Revealed: Wave tanks leading to massive boom in “surf participation!”

Numbers through the roof!

Do the unintended consequences of new technologies keep you awake at night? Oh how many movies have we watched where a good-hearted inventor creates something for the sake of humanity only to have his creation spin beyond control hurting, killing, causing madness? My favorite in the genre has to be Harrison Ford’s The Mosquito Coast where he builds an ice machine for beautiful savages only to rip their culture, and his family apart.

My second favorite, though, is Kelly Slater’s Surf Ranch where the invention of wave-producing tanks leads to a massive “surf participation” boom culminating in worldwide “gang” fight where ocean surfers and pool surfers attempt to drown each other into submission.

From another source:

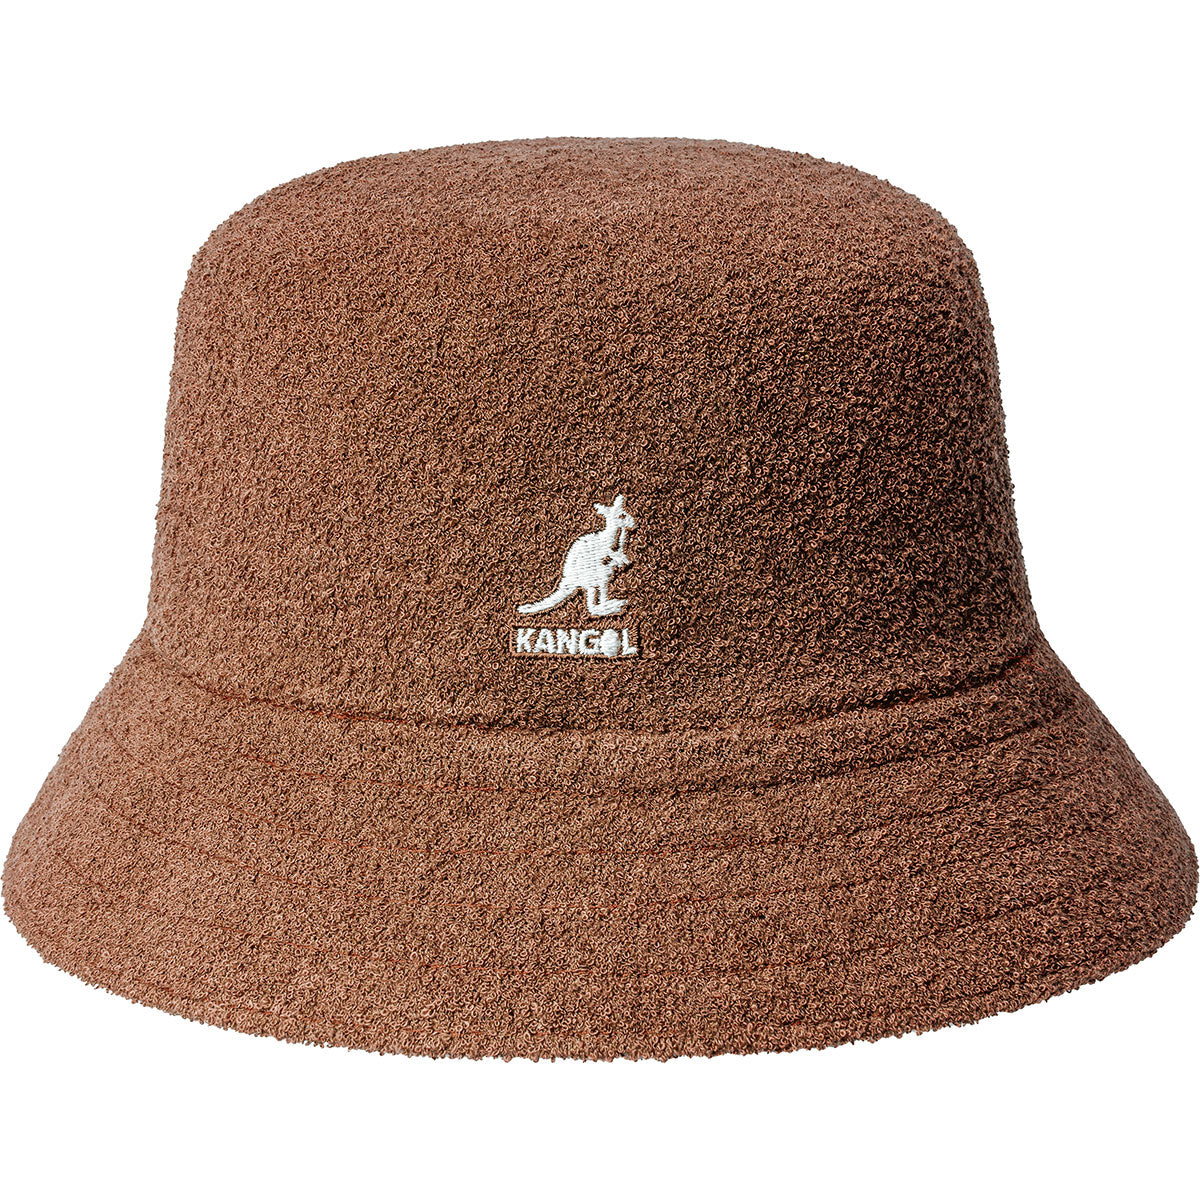 Terry Bermuda Bucket Hat by Kangol - Mahogany

Well, us ocean surfers will be far outnumbered during those dystopian days as a new article in Forbes magazine reveals that “surf participation” is up in the United Kingdom a whopping 40% all thanks to artificial technologies and let’s dig in with our Sunday blueberry pancakes (bitter Monday cup of coffee for our Australian friends and delicious pint of ale for our brand-new English, Welsh, Irish and Scottish friends. Welcome!)

While hardcore surfers might lament a wave-on-demand culture, the reasons for the increase in “wave pool surfing” are simple. In the U.K. surfing is one of the fastest growing sports, with a 40% increase in participation between 2015 and 2017, according to the latest British Marine Association Annual Watersports Participation Survey.

There are now over 1 million surfers in the U.K., “but the coastline isn’t producing any more waves than it did before,” says Stoddart. Nor do most people live anywhere near decent surfing beaches.

But with world surf champion Kelly Slater putting his own name behind an artificial wave, with the Kelly Slater Wave Company, the concept has gained accreditation. Slater called his wave, “a complement or supplement to what surfing is,” and it now hosts World Surfing League (WSL) competitions.

All fine and wonderful and I don’t really think there will be worldwide “gang” fight in the near future pitting ocean surfers against pool surfers. I think we’ll all get along just fine, as long as these pool surfers don’t come near the ocean. My real question is, what happens when what Slater called, “a complement or supplement to what surfing is” eclipses what surfing is?

The day is coming.

Also, is the World Surf League too busy mocking Mavericks every year to actually build another pool besides Kelly Slater’s Surf Ranch in Lemoore or is there a cagy strategy behind being dead last in the wave tank arms race?